LAHORE: Although the country’s total installed power generation capacity is set to rise to 46,605 megawatts in the outgoing fiscal year (FY25), substantial capacity payments to idle power plants continue to burden electricity consumers nationwide.
However, energy experts in both the public and private sectors remain optimistic that this capacity payment burden — estimated at Rs12 to Rs15 per unit and passed on to consumers — will gradually decline, as the government has halted new power projects and terminated power purchase agreements (PPAs) with several independent power producers (IPPs).

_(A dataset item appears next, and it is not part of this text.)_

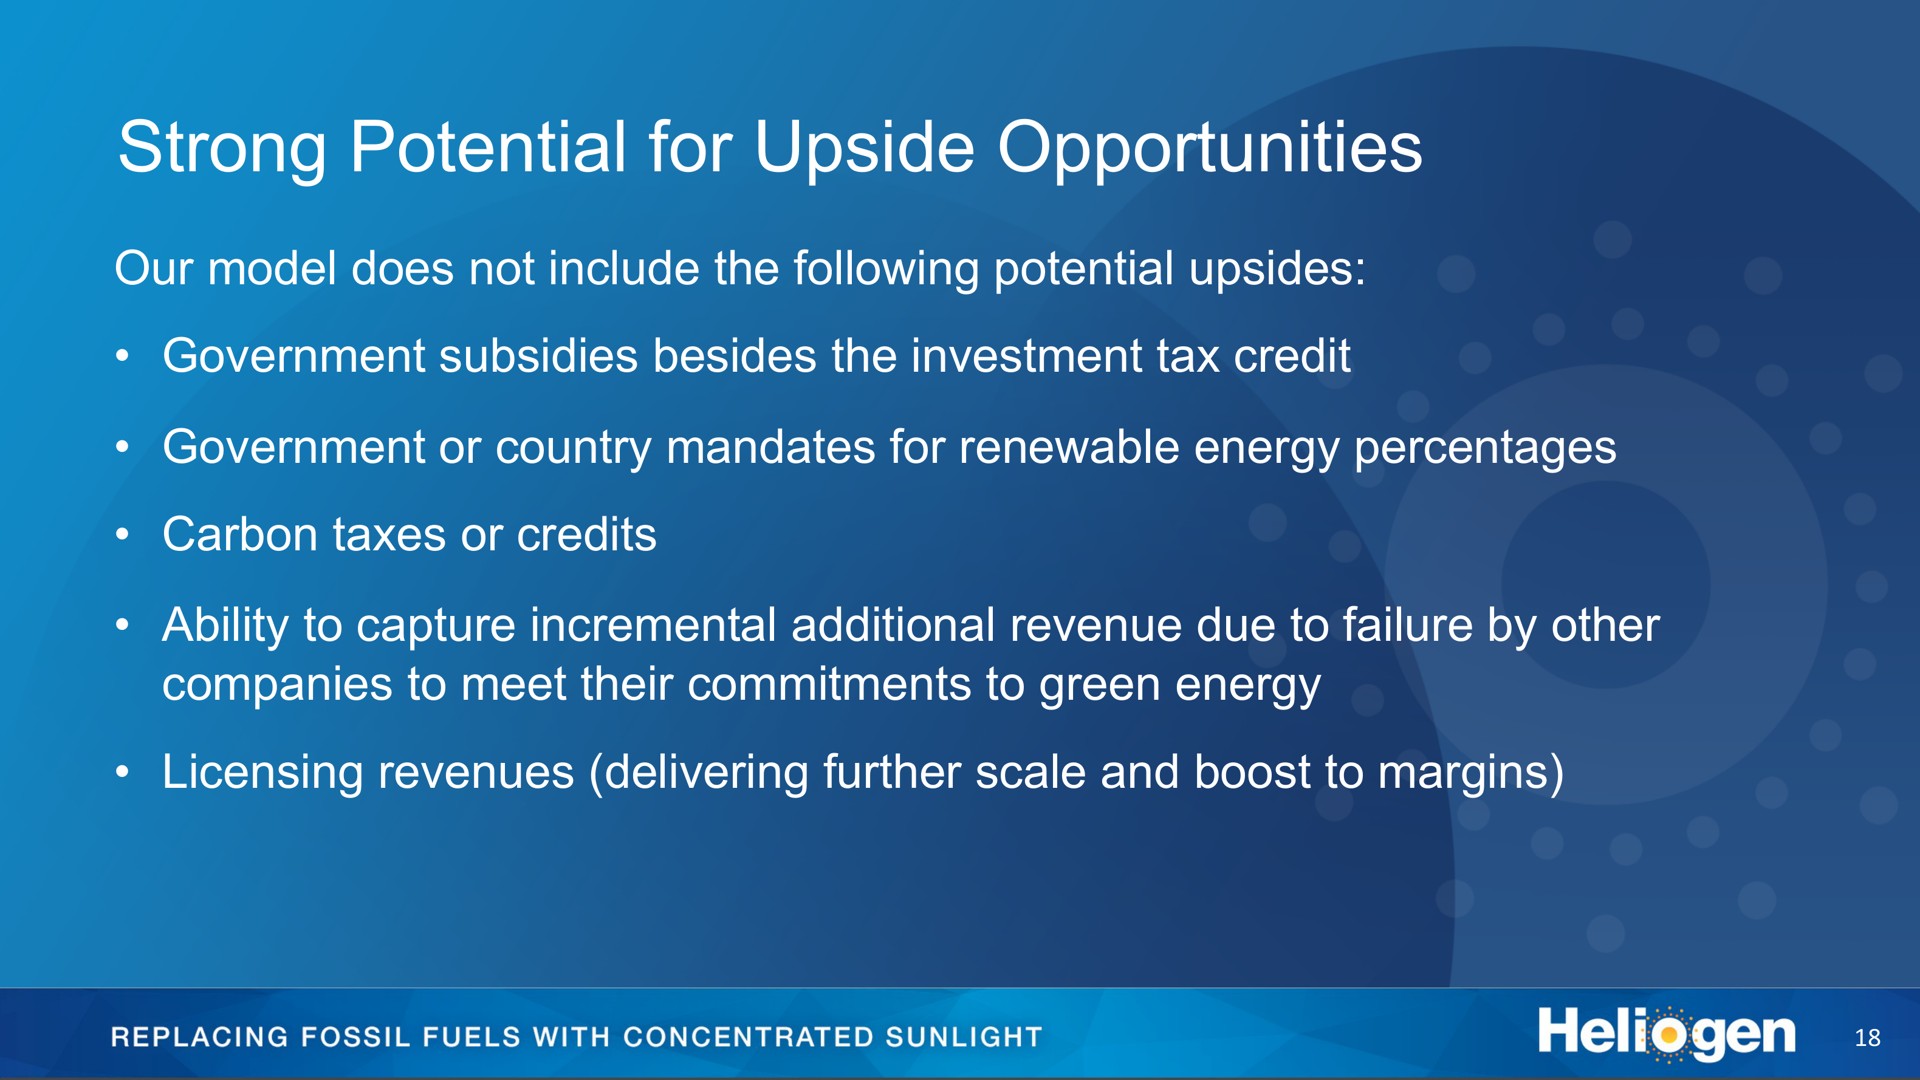 strong potential for upside opportunities our model does not include the following potential upsides government subsidies besides the investment tax credit government or country mandates for renewable energy percentages carbon taxes or credits ability to capture incremental additional revenue due to failure by other companies to meet their commitments to green energy licensing revenues delivering further scale and boost to margins replacing fossil fuels with concentrated sunlight | Heliogen

“The issue of capacity payments is not considered very painful during summer, but it becomes more significant in winter when our total electricity demand drops to just 12,000-13,000 MW,” a senior official at the Ministry of Energy told Dawn on Monday.

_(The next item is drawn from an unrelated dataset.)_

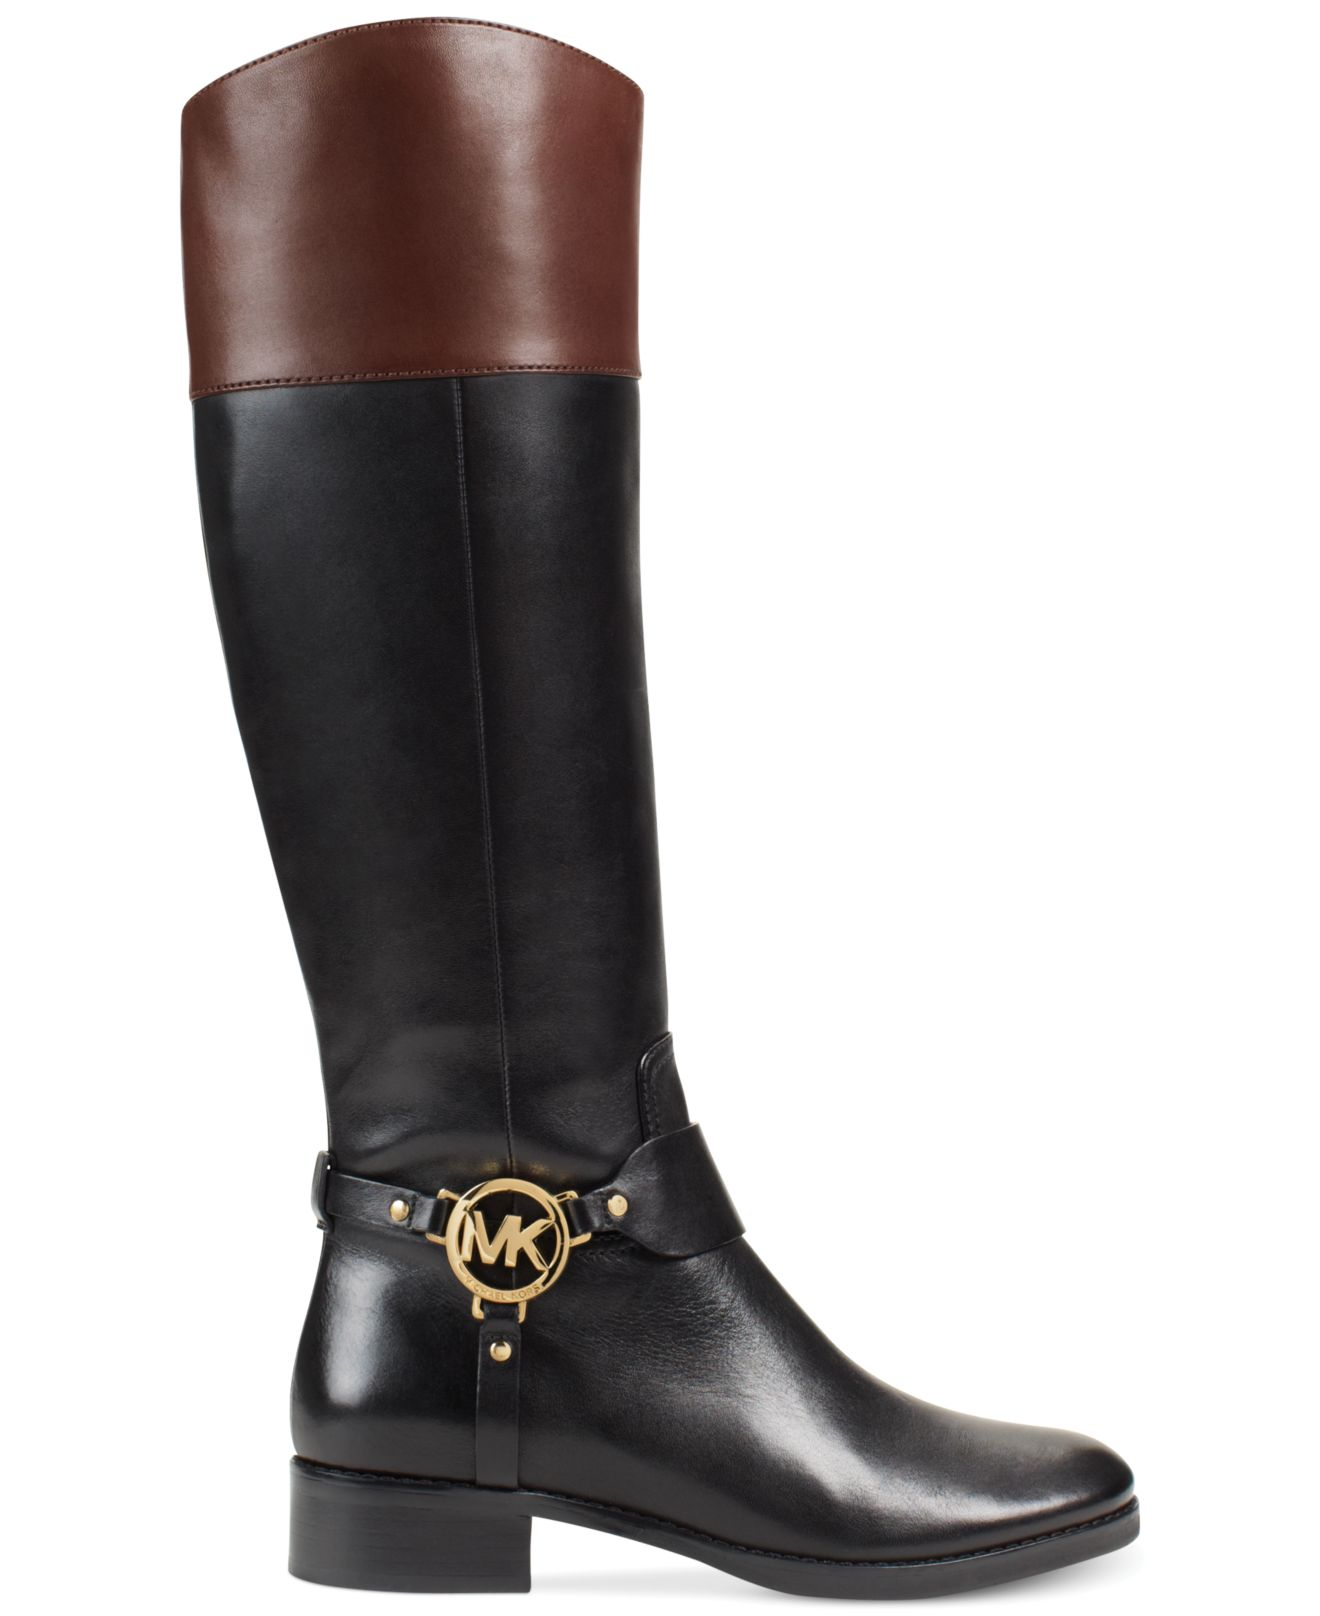 Total 45+ imagen michael kors boots lord and taylor - Abzlocal.mx

According to the Economic Survey, the country’s total installed electricity generation capacity reached 46,605MW, with the energy mix comprising hydel (24.4 per cent), thermal (55.7pc), nuclear (7.8pc) and renewables (12.5pc).
Economic Survey puts total installed power generation capacity at 46,605MW
During July-March FY25, total electricity generation stood at 90,145GWh — hydel (30.4pc), thermal (46.3pc), nuclear (19.1pc), and renewables (4.2pc). Electricity consumption during the same period was 80,111GWh, with households accounting for 49.6pc, industrial users 26.3pc, agriculture 5.7pc, and commercial consumers 8.6pc.
According to the survey, six nuclear power plants with a total capacity of 3,530MW supplied 17,174 million units of electricity during July-March FY25.
The 46,605MW installed capacity includes an addition of over 2,800MW through solar net metering, reflecting a 1.6pc increase compared to the 45,888MW recorded in the corresponding period of FY24.
While thermal power still makes up the largest portion of the electricity supply at 55.7pc, its share has declined in recent years, indicating a shift towards more indigenous and sustainable sources. Hydel, nuclear and renewable sources now collectively account for 53.7pc of total electricity generation.
“If we examine the total installed capacity, almost 50pc comes from IPPs, including around 5,000MW from four RLNG plants owned by the Punjab and federal governments. Excluding these, the share of IPPs is around 16,000-17,000MW. Of this, 4,000-5,000MW worth of plants remain under annual maintenance. Meanwhile, the generation capacity of old government-owned plants at Guddu (Gencos) has also reduced to almost half or so. So, the generation from IPPs usually stays around 10,000MW during summer,” explained an official, on condition of anonymity.
According to him, total generation from IPPs, hydel, nuclear and other non-IPP sources ranges between 33,000MW and 34,000MW, while demand reaches around 32,000MW. “Thus, we roughly pay capacity charges for 1,000-2,000MW in summer and 3,000-5,000MW in winter, when hydel generation declines due to reduced water availability,” he said, adding that terminating PPAs with idle IPPs and halting new power projects would help reduce the overall tariffs.
Dr Fayyaz A. Chaudhry, chairman of the Board of Directors of National Grid Company of Pakistan (formerly NTDC), said the system’s firm capacity — the amount that can be dispatched to the power grid at any time — is around 40,000MW.
He noted that solar power generation, including 4,000-5,000MW from net-metered systems and additional non-net-metered capacity, is not considered firm capacity because it’s unavailable in the evening.